- How to complete this task
Please restate the data that follows word for word, with the pictures left out.

- Data
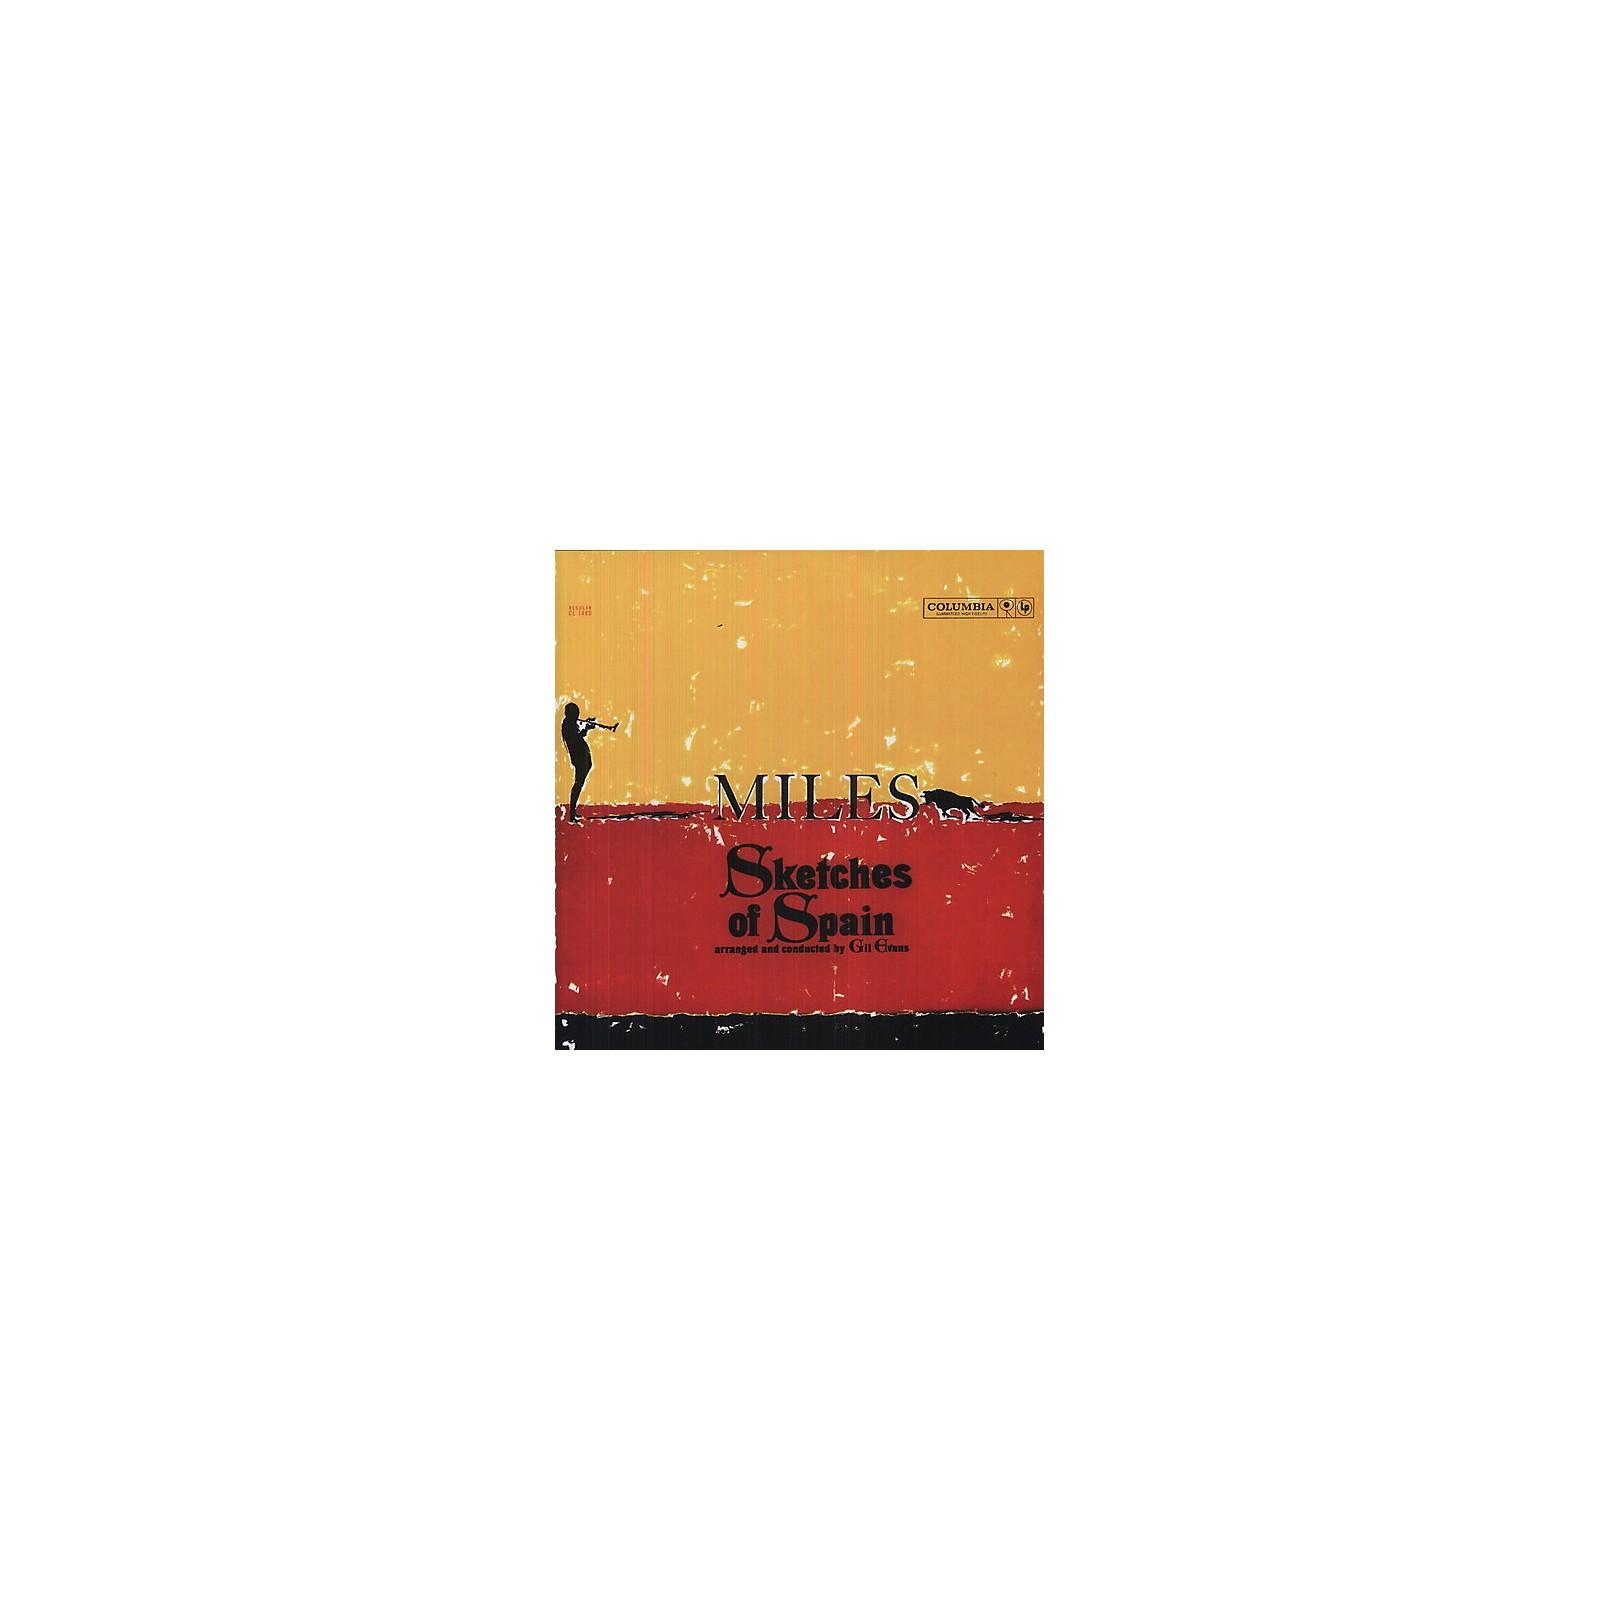 Alliance Miles Davis - Sketches Of Spain [Mono]
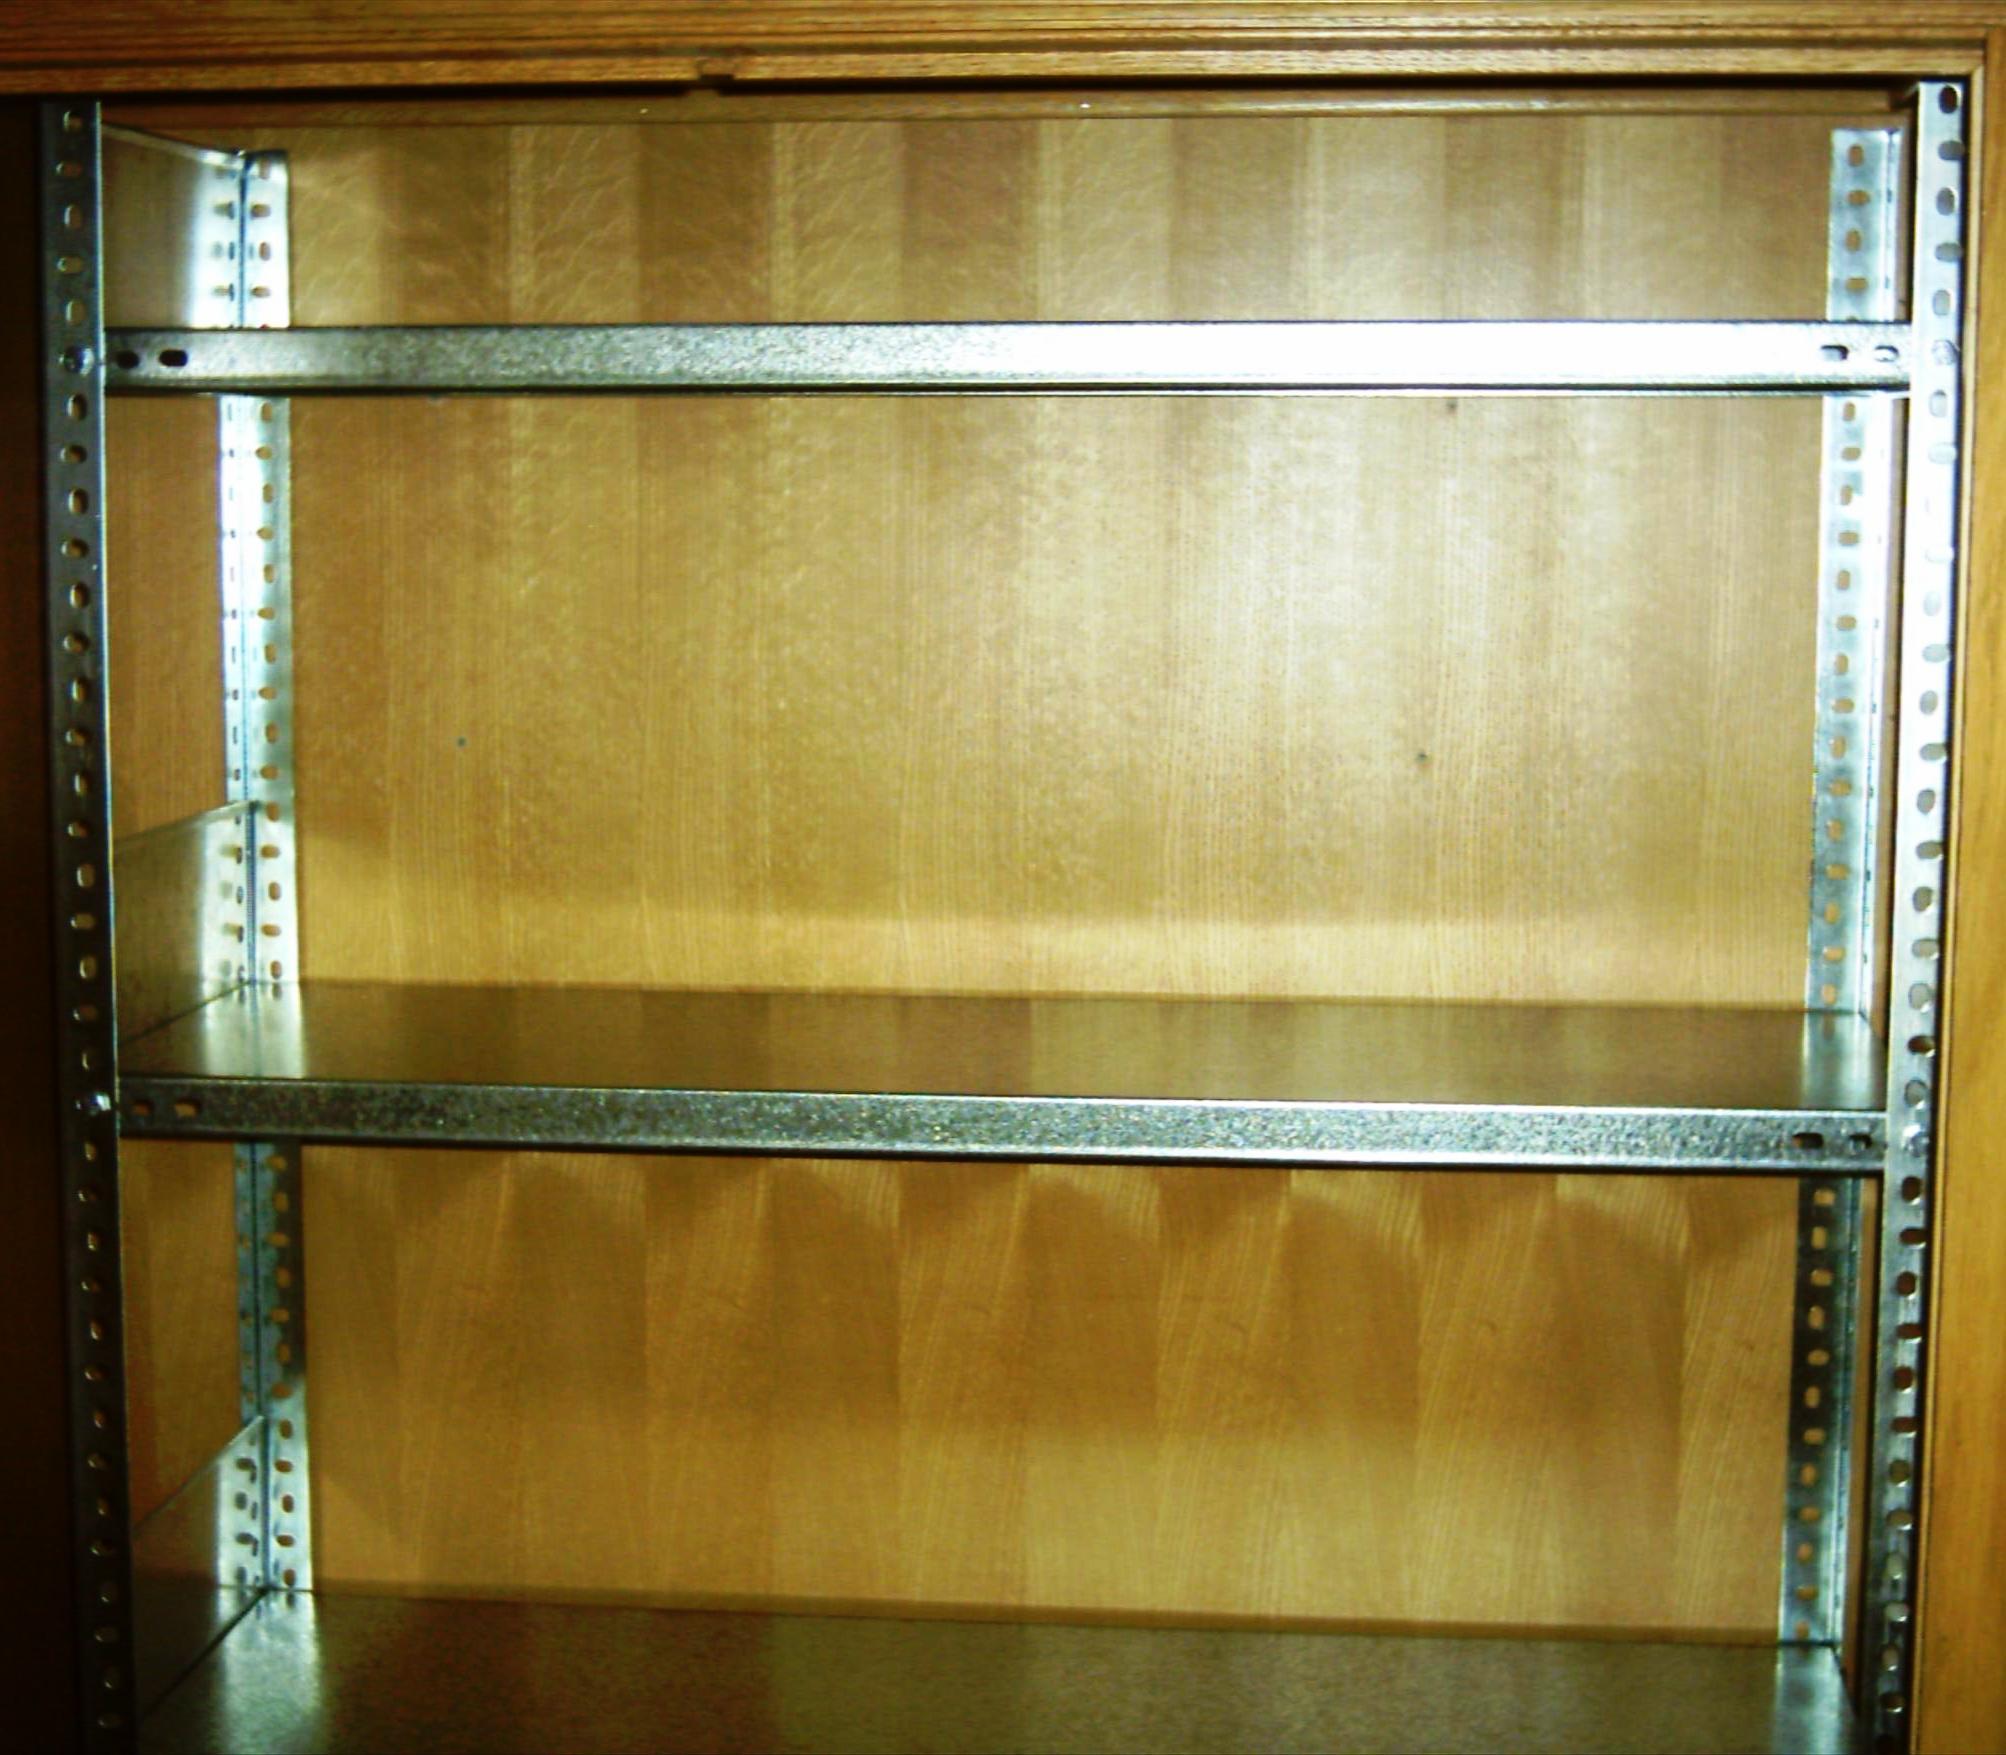 Estanterias metalicas para trasteros y estanterias - Estanterias para armarios ...
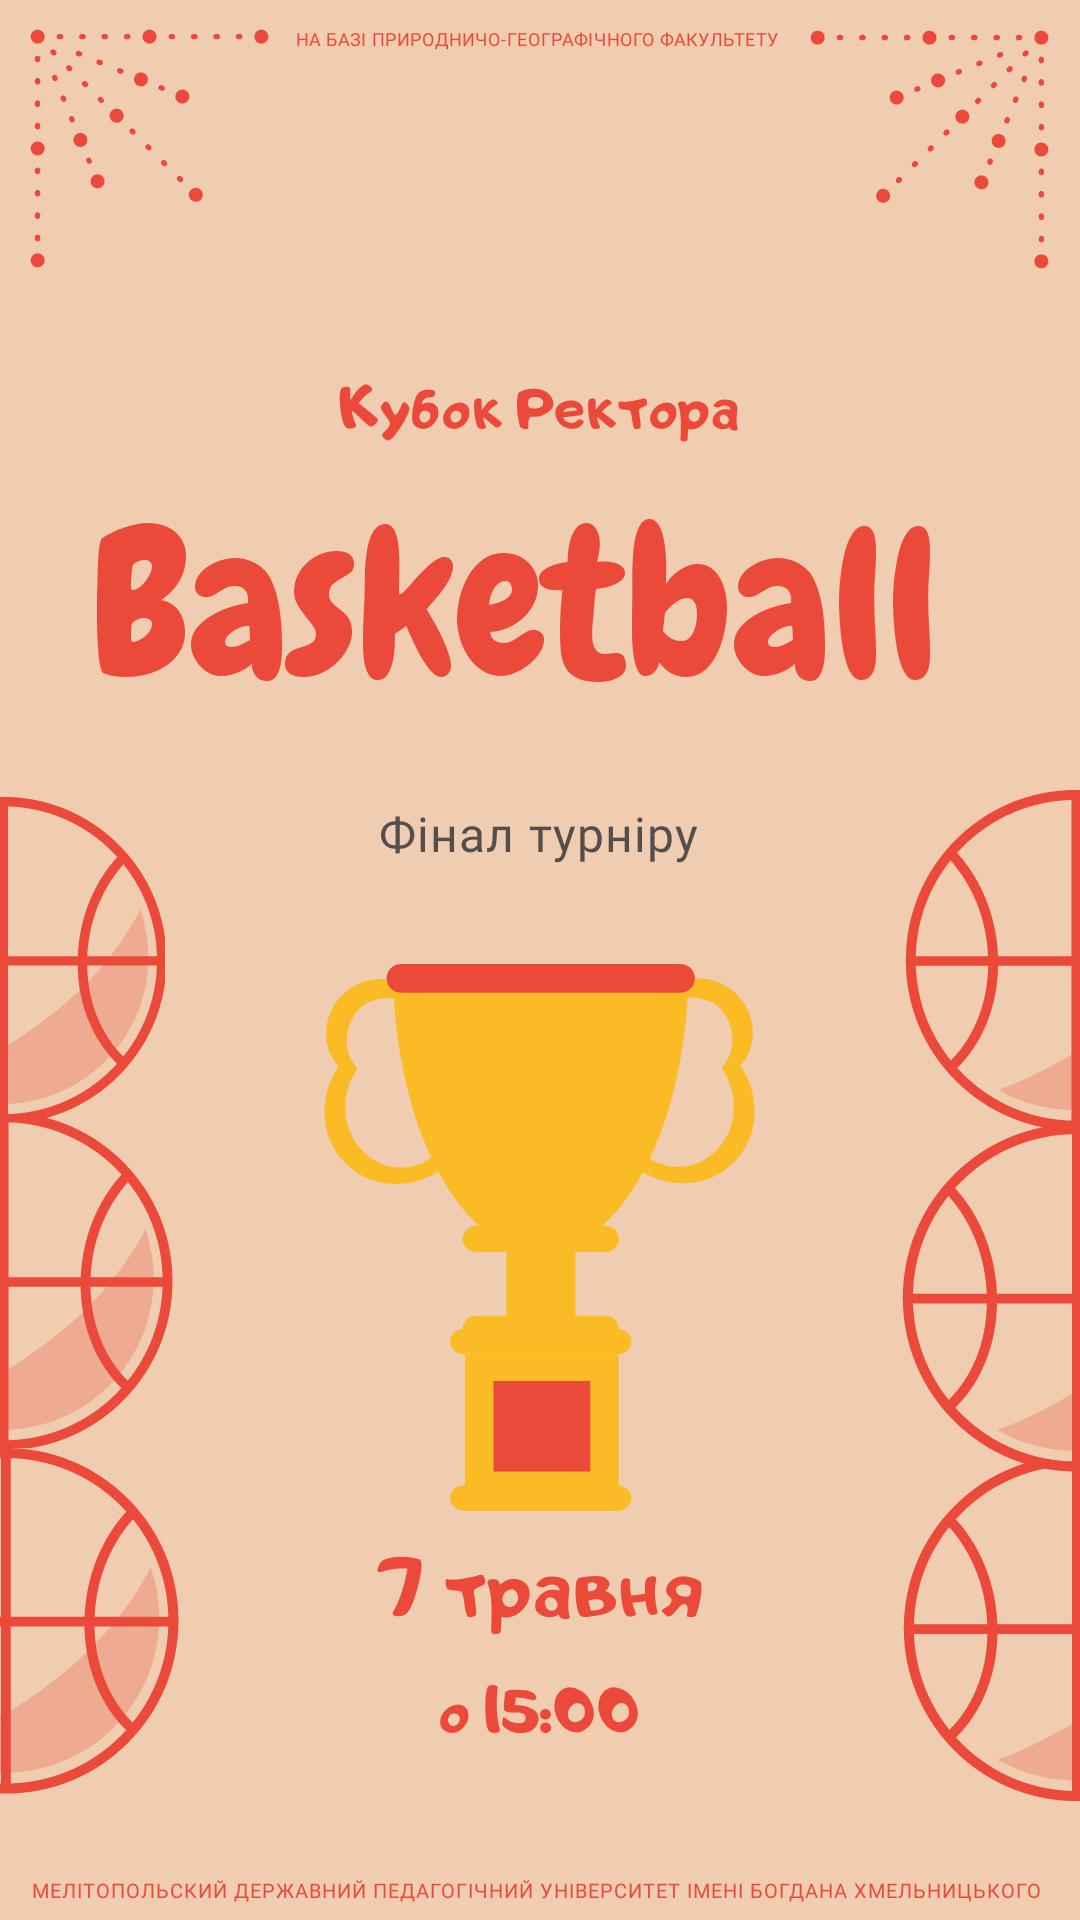 Запрошуємо на фінал турніру з баскетболу, на кубок ректора!

- Answer for the task
 Alliance Miles Davis - Sketches Of Spain [Mono]
 Estanterias metalicas para trasteros y estanterias - Estanterias para armarios ...
 Запрошуємо на фінал турніру з баскетболу, на кубок ректора!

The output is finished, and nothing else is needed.